The /29 notation means that 29 of the 32 bits in the subnet mask are 1’s. Written in dotted-decimal, that would be 255.255.255.248.
A /29 network has 8 IP addresses. The first is the network address. The last is the broadcast address. This leaves 6 assignable or “host” addresses. I’m guessing they use 1 for your router, leaving you with 5 to use.
x.x.x.190/29 is not a valid network address. It is a valid host IP address, which would be part of the x.x.x.184/29 network (assuming the adjacent network is a /29).
x.x.x.192/29 is a valid network address, but your 191 wouldn’t be found within that network.
annie_444@reddit (OP)
Thank you! My autocorrect was telling me it was wrong but I figured it was just because it’s jargon. However, I wrote this on break at work so I didn’t have time to spell check.
annie_444@reddit (OP)
I think I fixed it…
RCTID1975@reddit
I'm surprised they even set this up for you and didn't tell you to buy a business account.
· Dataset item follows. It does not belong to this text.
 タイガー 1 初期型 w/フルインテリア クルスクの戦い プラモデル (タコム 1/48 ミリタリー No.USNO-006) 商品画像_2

I wouldn't bank on this working forever and would expect to wake up one day and it not work.
annie_444@reddit (OP)
I doubt it’ll break. It’s ATT after all. Also I am apart of the consortium that they get their static blocks from, and breaking my DNS to charge me for a reverse zone is against their rules.
Tymanthius@reddit
It's ATT. That can happen even w/ an SMB account.
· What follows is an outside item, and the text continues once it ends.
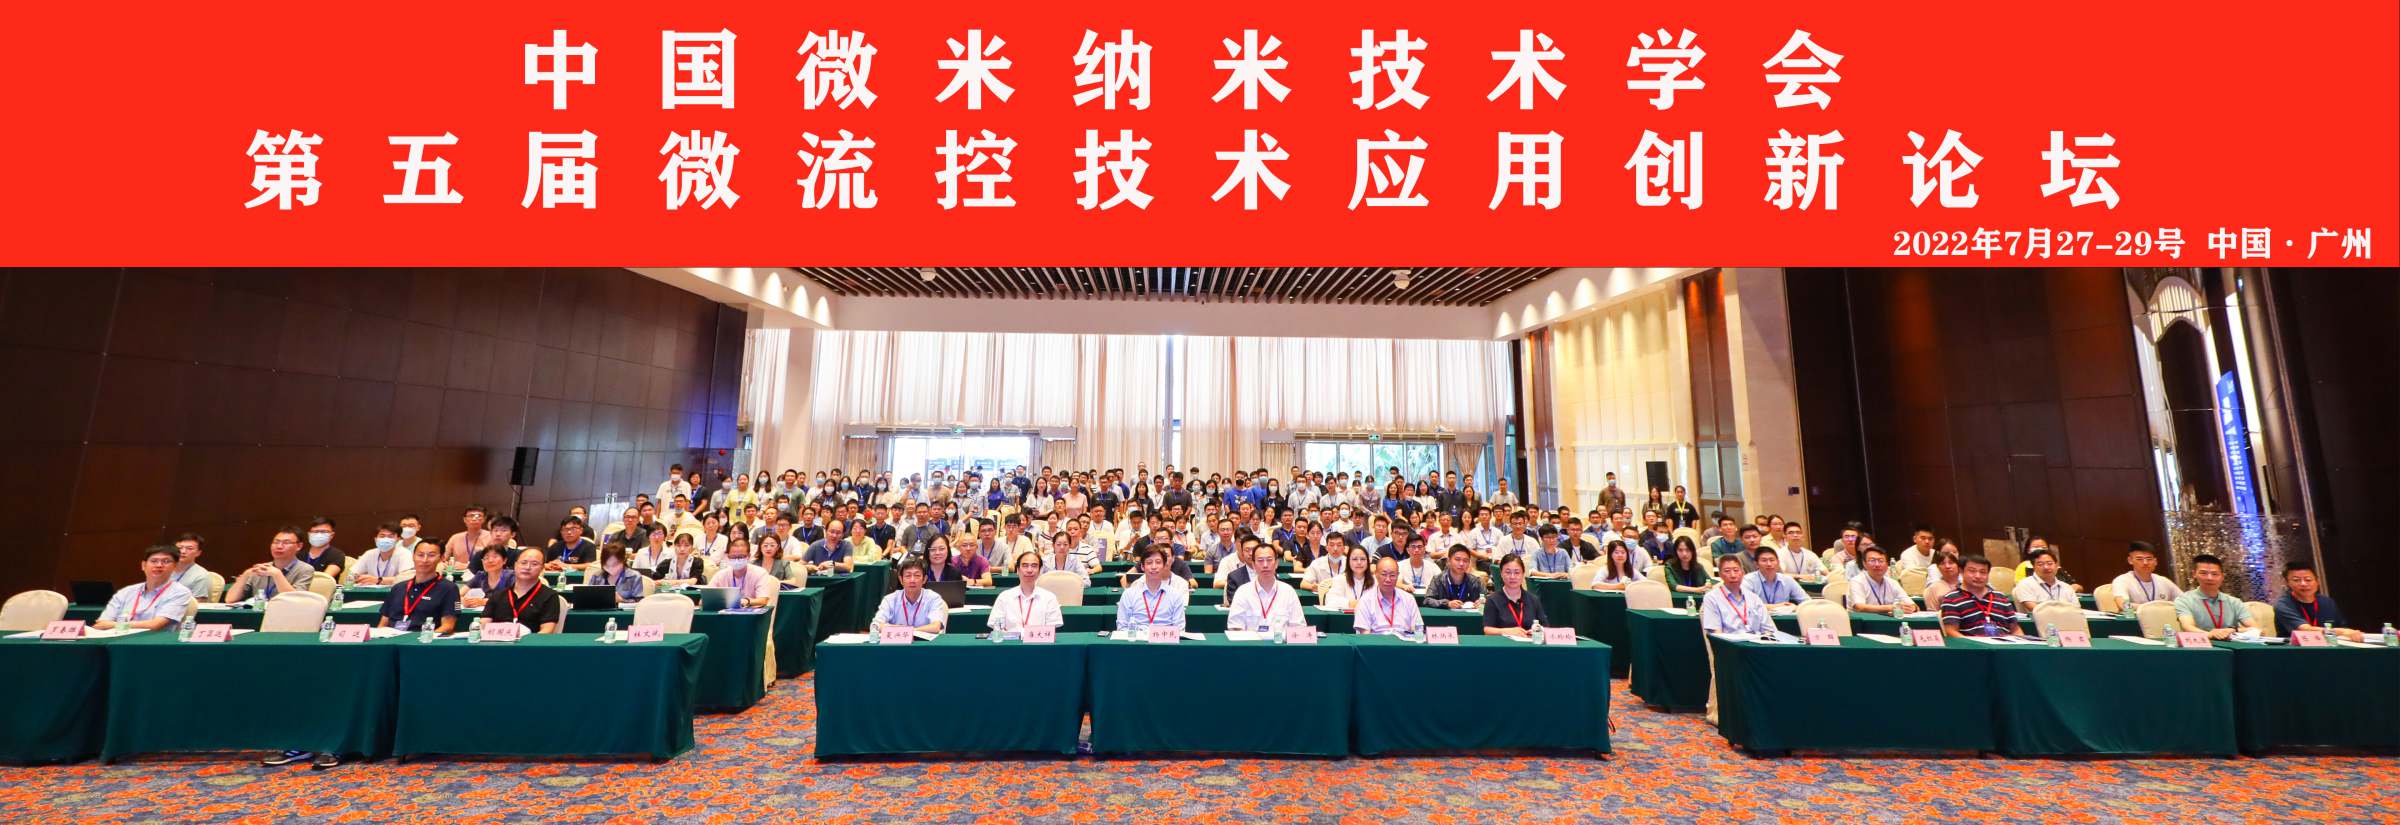 中国微米纳米技术学会第五届微流控技术应用创新论坛

HappyDadOfFourJesus@reddit
I would love to see the Comcast version of your guide, since we have clients who have been on Microsoft 365 for years but their office IP address still shows "mail.domain.com" in reverse DNS.
TheOnlyKirb@reddit
I was trying to do this with my IPv4 block (fiber) and gave up after spending hours, and getting nothing but nonsense from support.
Thank you for this post. Genuinely. I appreciate you spending your time and then sharing the results
sembee2@reddit
Your mistake was using the words "reverse DNS". The tech just hears DNS and ignores the rest.
I have the most success using "PTR". That doesn't sound like anything else and usually results in the correct information being relayed to me.
jamesaepp@reddit
"Okay sir please revert back the DNS and do the needful."